By this point, the herd was retreating into the distance, leaving manure and chewed grass in their wake. It’s too bad I don’t have the equipment to store their shit. I’d be able to make some easy money.
But there wasn’t any point in worrying about his credits right now. He’d work on generating an income during the next stage of his plans. By now, he had figured out where he was. Edge needed to cross two final sub-biomes and the river running between them, and he would make it back to town.
The first was a stretch of swampy soil that ran along the south side of the river. The water wasn’t deep, and the earth was covered in thorny bushes instead of grass. But there was lots of mud and shallow ponds. The soft ground would slow him down, and he would have to watch out for attacks from beasts living in the pools as well as the river. On the bright side, it wasn’t a large area to cross. Edge should make it through within a half day’s travel, if he could find one of the bridges spanning the waterway.
The second sub-biome was the Sea of Grass. It was a place where the stalks grew to nearly twice their usual height, topping off well above his head. The only way to penetrate the dense foliage was to walk along the paths that had been carved into the verdant growth.
It was a dangerous region, where predators could ambush him with ease. But it would take days to go around the long way. Time that he didn’t have under the circumstances. Edge needed to fill his belly with something more substantial than an occasional root or berry.
On that note, he started walking, keeping the fingers behind him to guide his path. His priorities were speed and stealth. He would eat more skills along the way if the opportunity presented itself, but he couldn’t [Extract] more until the sun was ready to set.
Edge wasn’t ready to take on another stage-one opponent yet regardless, or anything with a good skill for that matter. Not until he had a full tank of mana and something better than his shredded clothing for armor and a sword that would cut him almost as deeply as his opponent.

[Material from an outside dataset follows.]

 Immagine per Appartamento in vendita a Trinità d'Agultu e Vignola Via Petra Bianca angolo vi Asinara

He also needed to think about what kind of skills he wanted to acquire. Although he could obtain them far easier than anyone else on the planet, he only had so many slots on his core.

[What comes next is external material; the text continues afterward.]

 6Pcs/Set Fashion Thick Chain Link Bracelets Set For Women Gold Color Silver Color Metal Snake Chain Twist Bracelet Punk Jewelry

Right now, he only had one empty socket and he needed to make it count. Unless he came across a skill that he already had, it made sense to acquire something better than the starter skills that most low-stage beasts developed.
Going forward, he needed power that packed a punch and that synergized with each other. A comprehensive, well-rounded package that would maximize his odds of surviving in the short-term and lead him to steady growth in the long.

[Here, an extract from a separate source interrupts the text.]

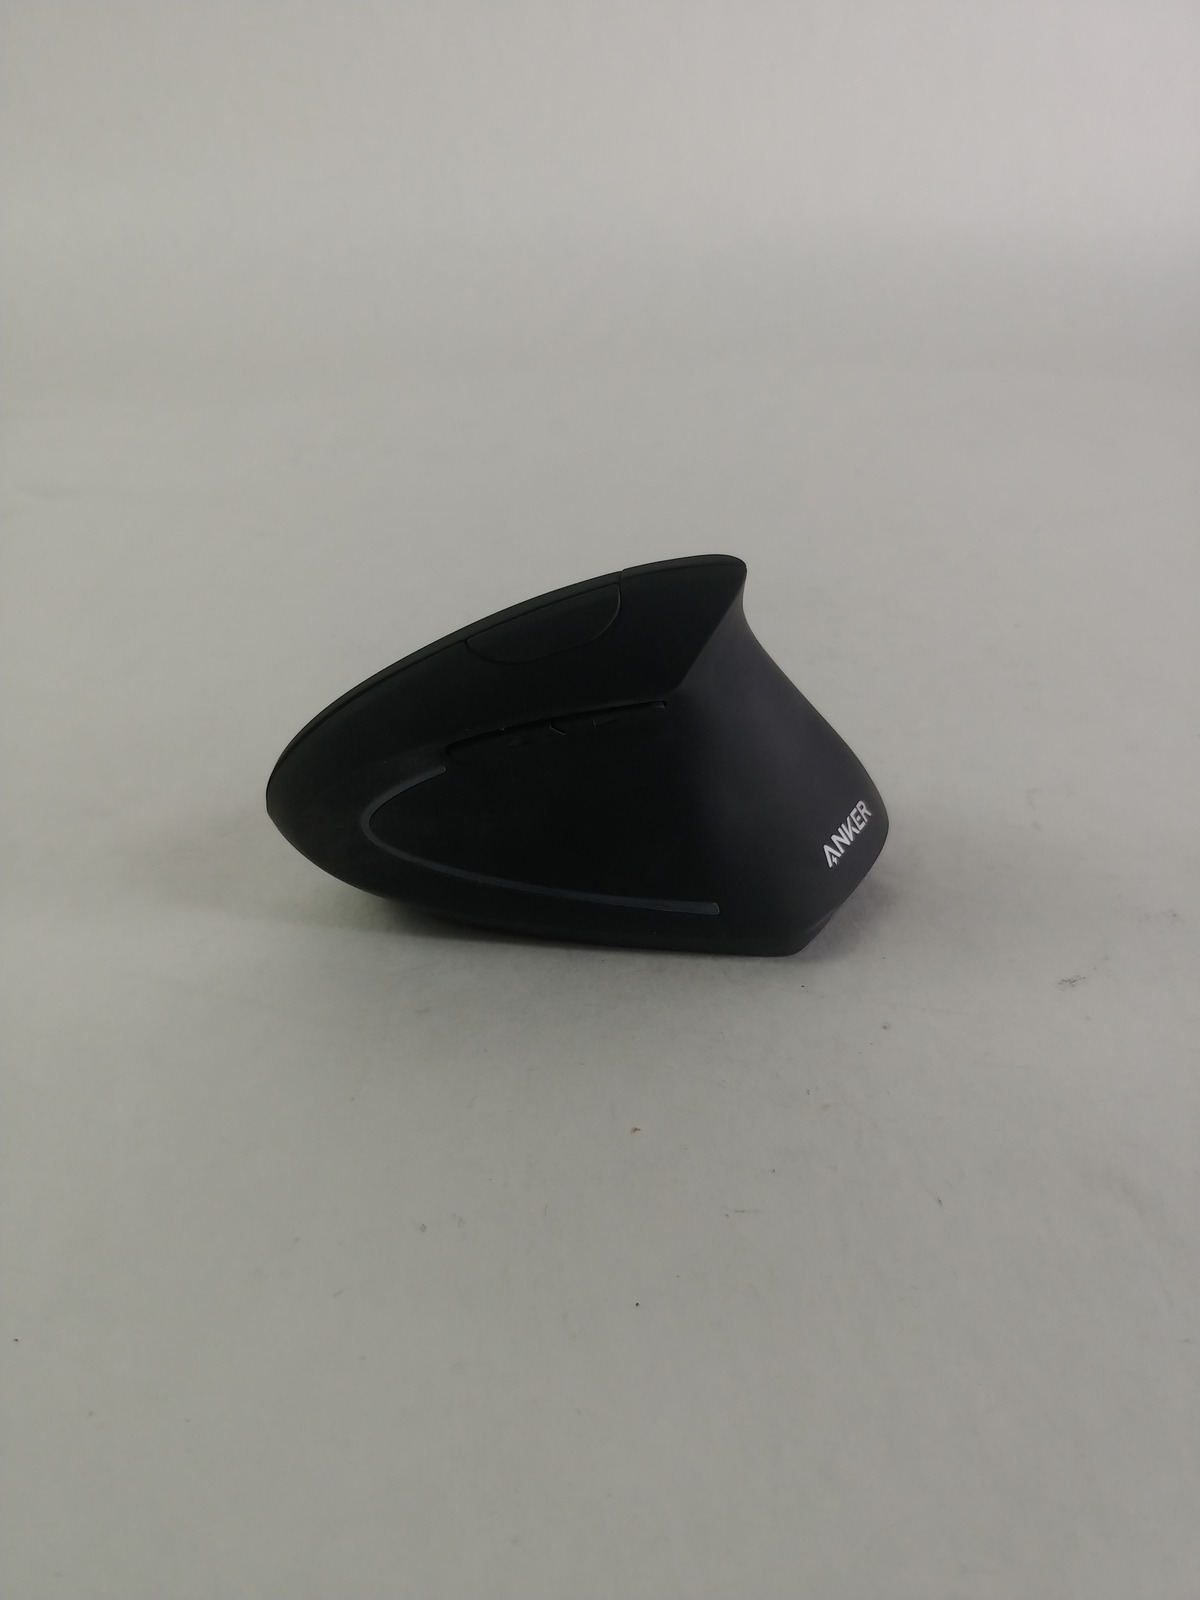 Anker A7852M 2.4G Wireless 6 Button Vertical Ergonomic Optical Mouse

After he made it back to town and was fully prepared, Edge needed to cycle-up two more times and evolve his core to stage-one, the minimum required to survive in the wild without being part of a team. When he did, he would gain five more skill slots, which meant that he had six more skills to pick out over the near-term.
The miles passed beneath his boots while his mind was hard at work.
By now, Edge had reached the border of the wetlands. Although he had to pick out a winding path that would take him past the countless pools, visibility was good, and food was easy to find.
While he planned out the next stage of his growth, he stopped to pick any berries or mushrooms that he recognized along the way. Unfortunately, they were just the normal kind and not mana-seeds, but it was still far better than being hungry.
He kept one eye out for ambush predators as he continued walking northeast. But so far, he hadn’t run into anything more menacing than mosquitos and songbirds.
Edge hoped that the rest of his trip back to town would remain blessedly uneventful, although he had a sinking feeling that it wasn’t going to be that easy.